The company offers products to address aging skin under the industry’s two premier brands: Thermage(R) and Fraxel(R). Thermage is an innovative, non-invasive radiofrequency procedure for tightening and contouring skin. As the leader in fractional laser technology, Fraxel delivers minimally invasive clinical solutions to resurface aging and sun damaged skin. Since 2002, over one million Thermage and Fraxel procedures have been performed worldwide. Thermage and Fraxel are the perfect complement for any aesthetic practice. Our products are available in over 100 countries.
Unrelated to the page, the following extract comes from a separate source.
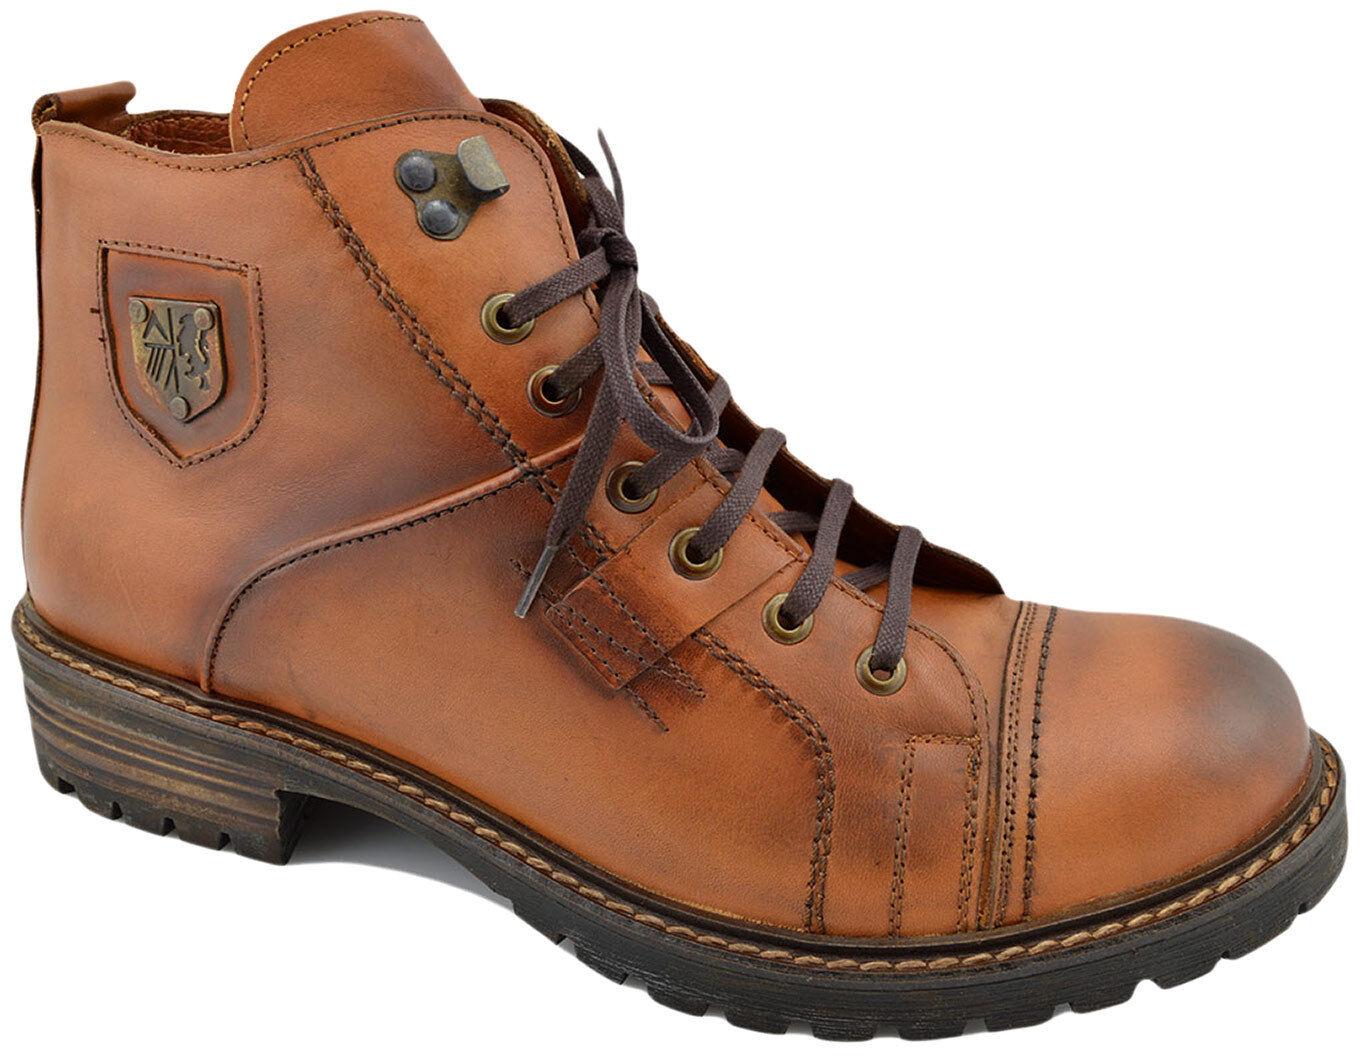 200 REACTOR Tan Marronee Leather BIKER Fashion Ankle stivali Men scarpe

Forward-Looking Statements

This press release contains forward-looking statements within the meaning of the U.S. Private Securities Litigation Reform Act of 1995, including statements regarding the expected closing of the private placement, use of proceeds and our financial goals for 2009. Forward-looking statements are based on management’s current, preliminary expectations and are subject to risks and uncertainties, which may cause Solta Medical’s actual results to differ materially from the statements contained herein. Factors that might cause such a difference include, but are not limited to, the ability to meet certain closing conditions of the private placement, the possibility that the market for the sale of our new products and initiatives does not develop as expected, the remaining risks and uncertainties with the Reliant Technologies integration process, and the risks relating to Solta Medical’s ability to achieve its stated financial goals as a result of, among other things, economic conditions and consumer and physician confidence causing changes in consumer and physician spending habits that affect demand for our products and treatments. Further information on potential risk factors that could affect Solta Medical’s business and its financial results are detailed in its Form 10-K for the year ended December 31, 2008, its Form 10-Q for the quarter ended September 30, 2009, and other reports as filed from time to time with the Securities and Exchange Commission. Undue reliance should not be placed on forward-looking statements, especially guidance on future financial performance, which speaks only as of the date they are made. Solta Medical undertakes no obligation to update publicly any forward-looking statements to reflect new information, events or circumstances after the date they were made, or to reflect the occurrence of unanticipated events.